● **INSTRUCTIONS TO FOLLOW**
Return exactly the lines of the records below, starting at the line that contains "Pink adidas, Pink adidas shoes" and ending at the line that contains "Halloween Printed Eyeball", with both of those lines kept.

● **MATERIAL PROVIDED**
────
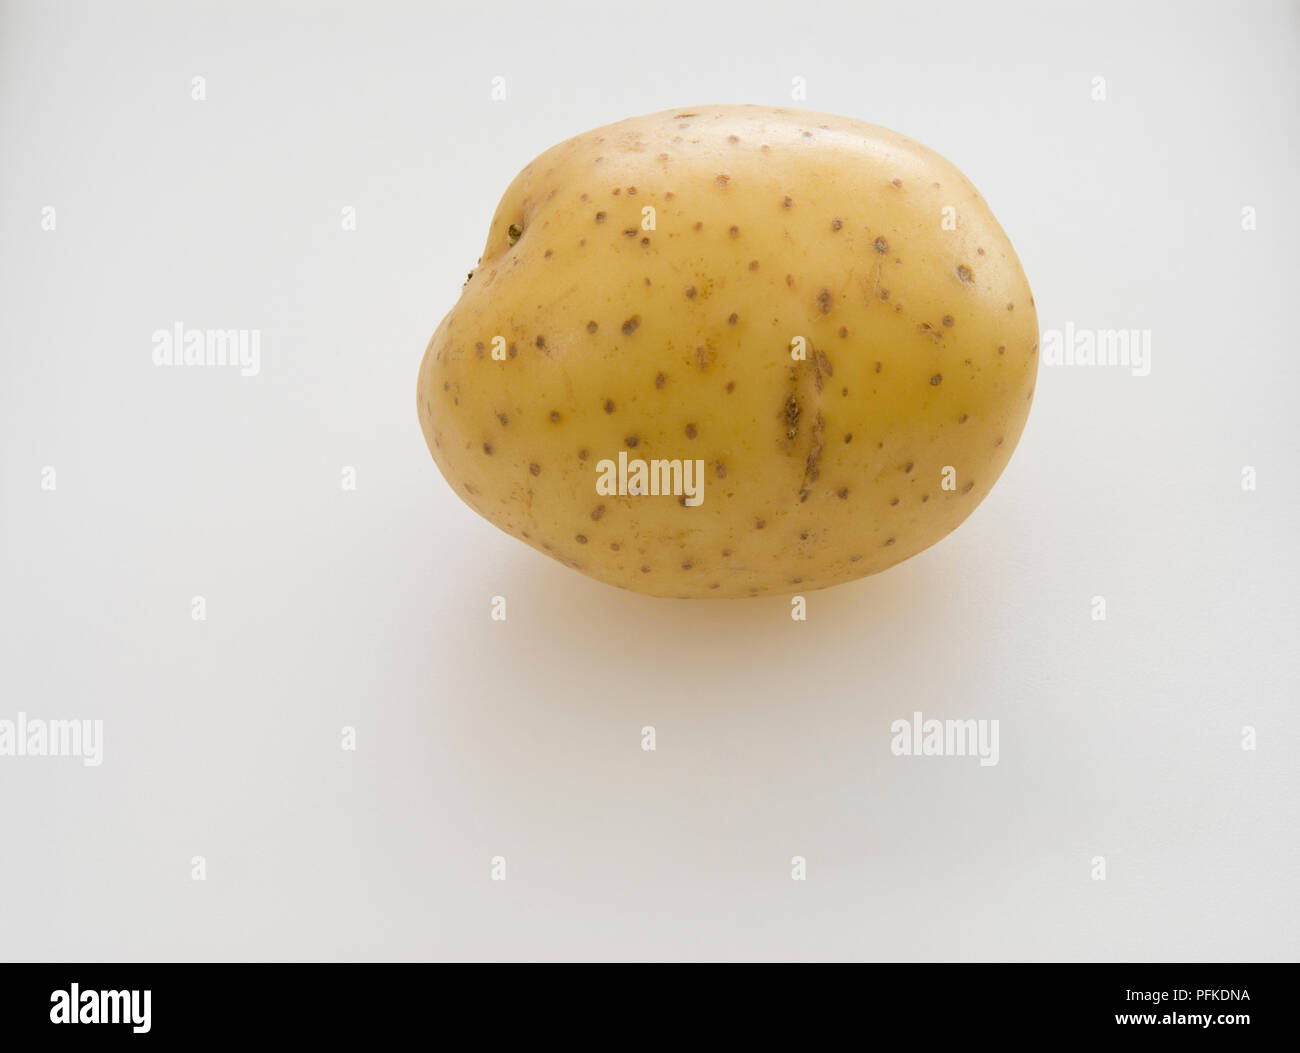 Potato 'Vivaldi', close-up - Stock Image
────
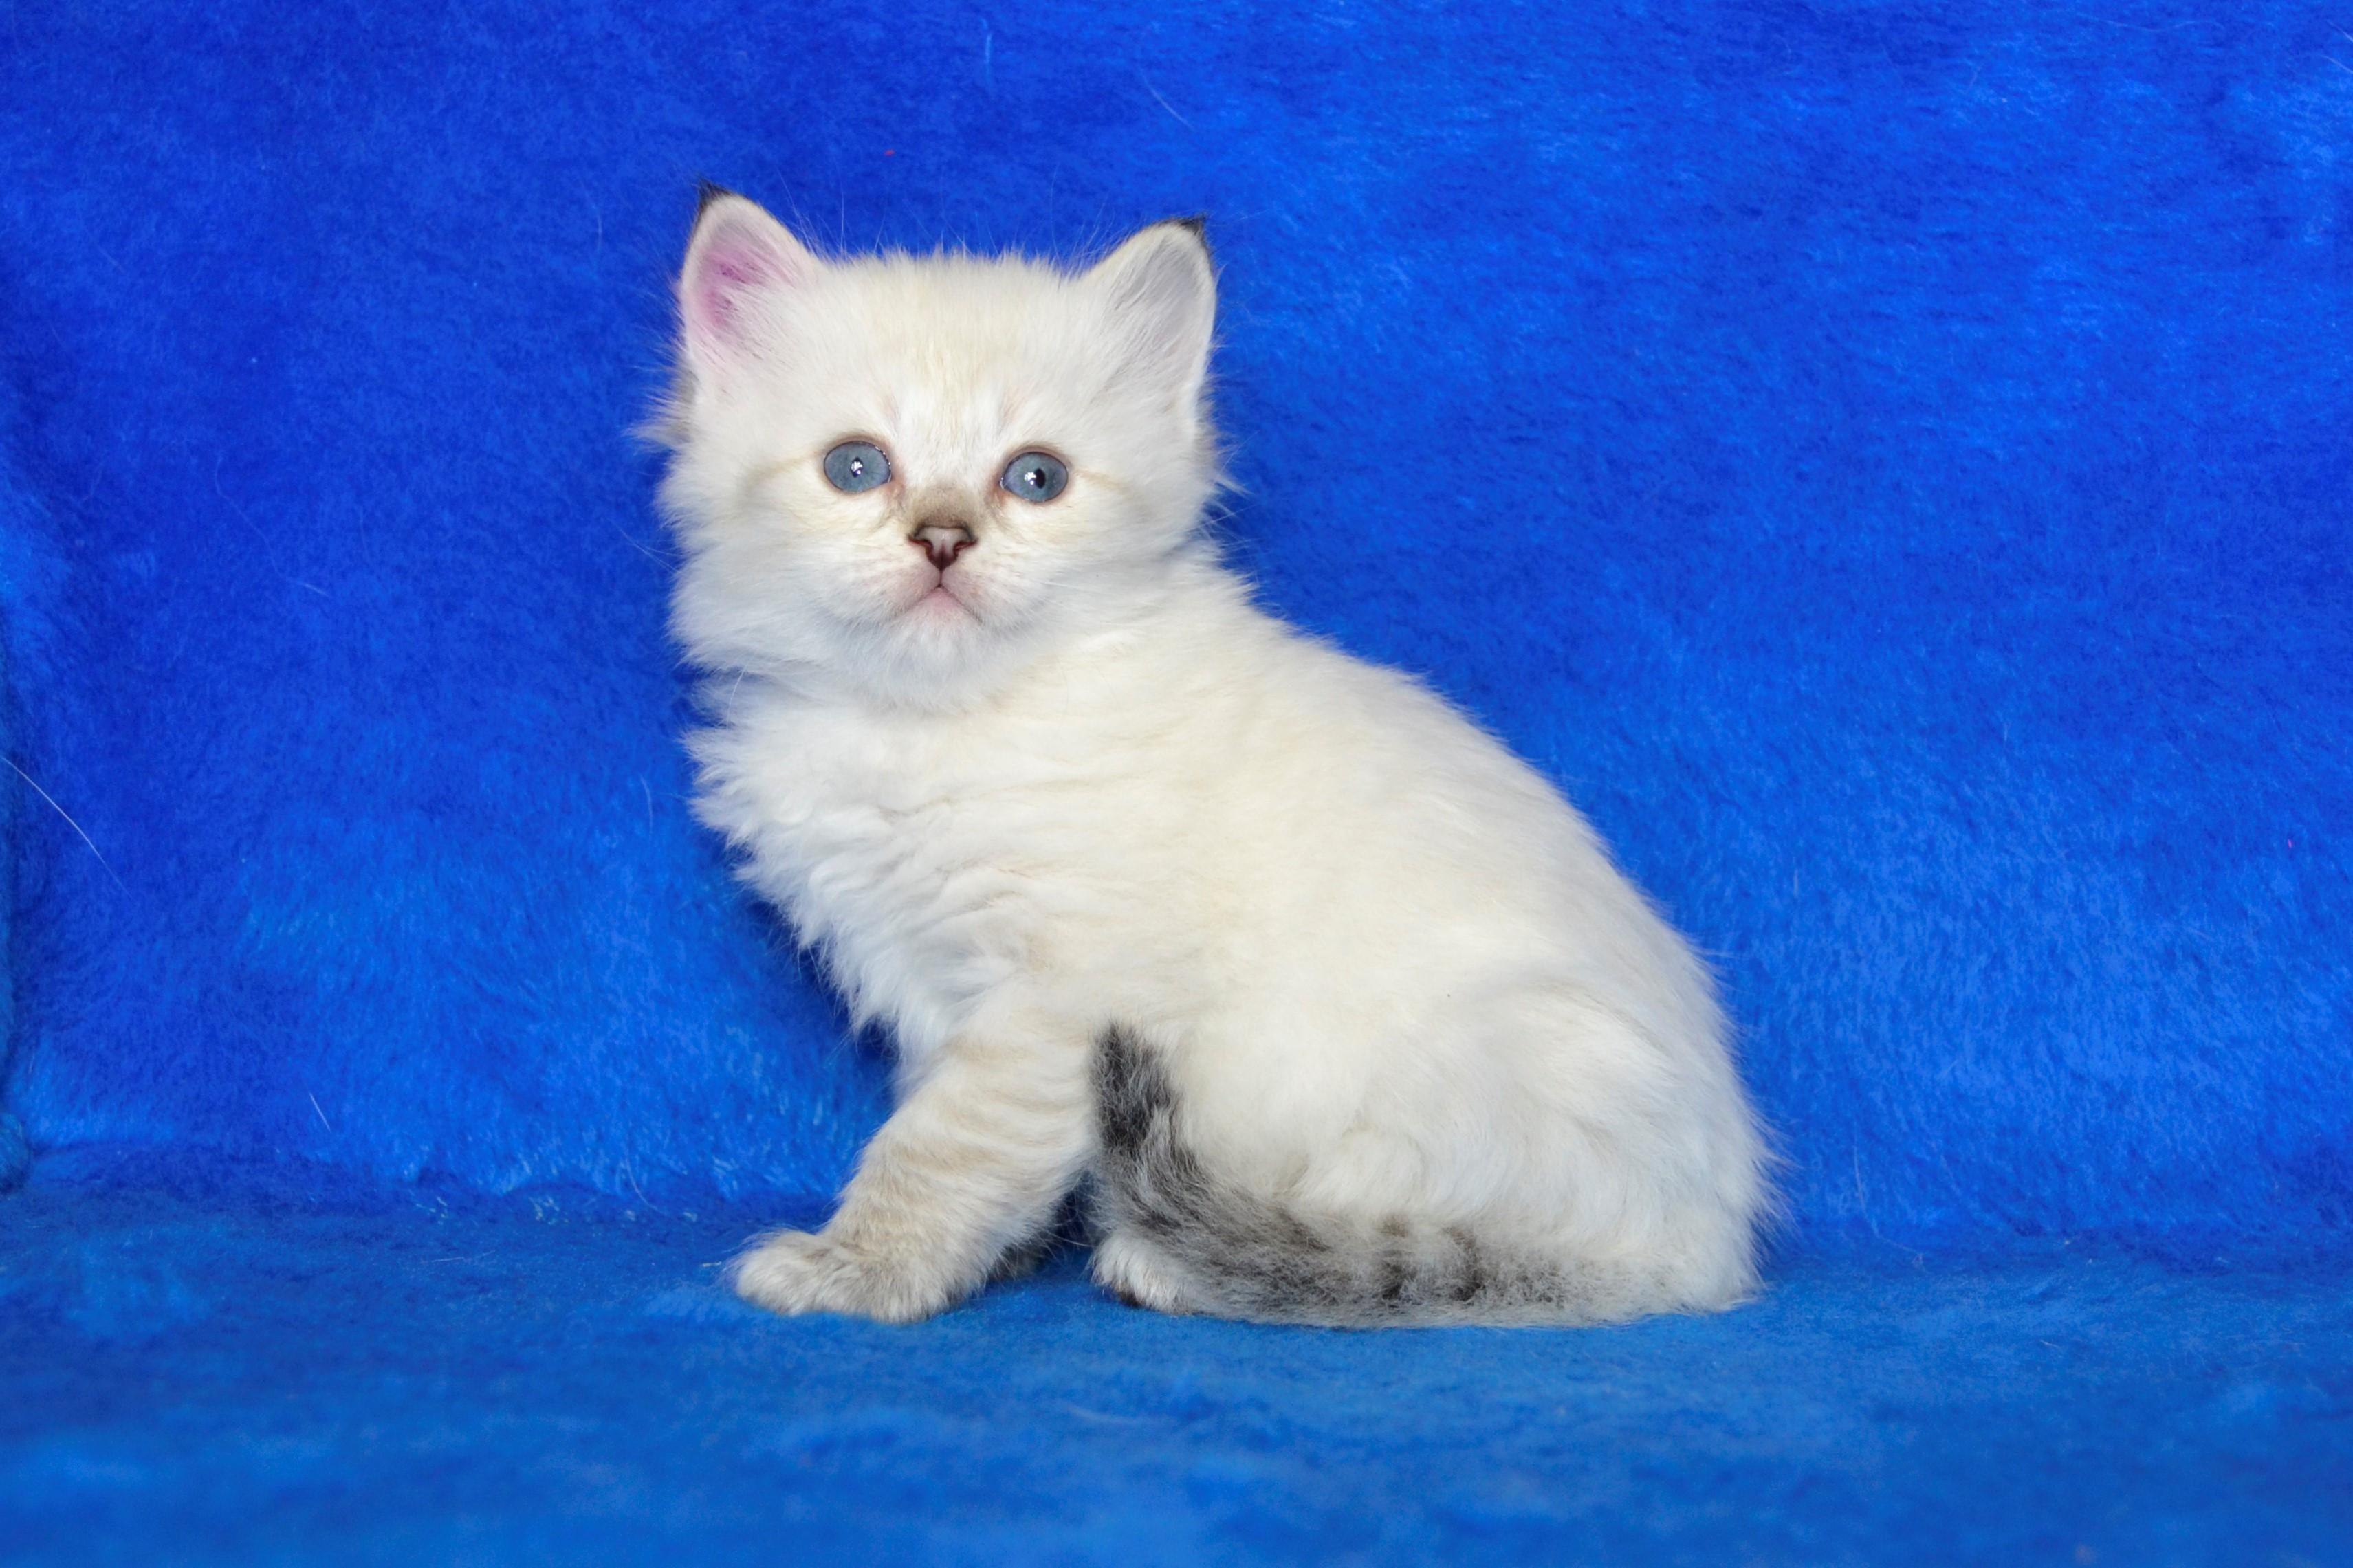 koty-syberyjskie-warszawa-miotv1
────
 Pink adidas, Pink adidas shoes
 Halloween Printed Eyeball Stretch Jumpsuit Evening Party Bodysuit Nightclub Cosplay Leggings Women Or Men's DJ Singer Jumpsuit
────
● **EXERCISE ANSWER**
 Pink adidas, Pink adidas shoes
 Halloween Printed Eyeball Stretch Jumpsuit Evening Party Bodysuit Nightclub Cosplay Leggings Women Or Men's DJ Singer Jumpsuit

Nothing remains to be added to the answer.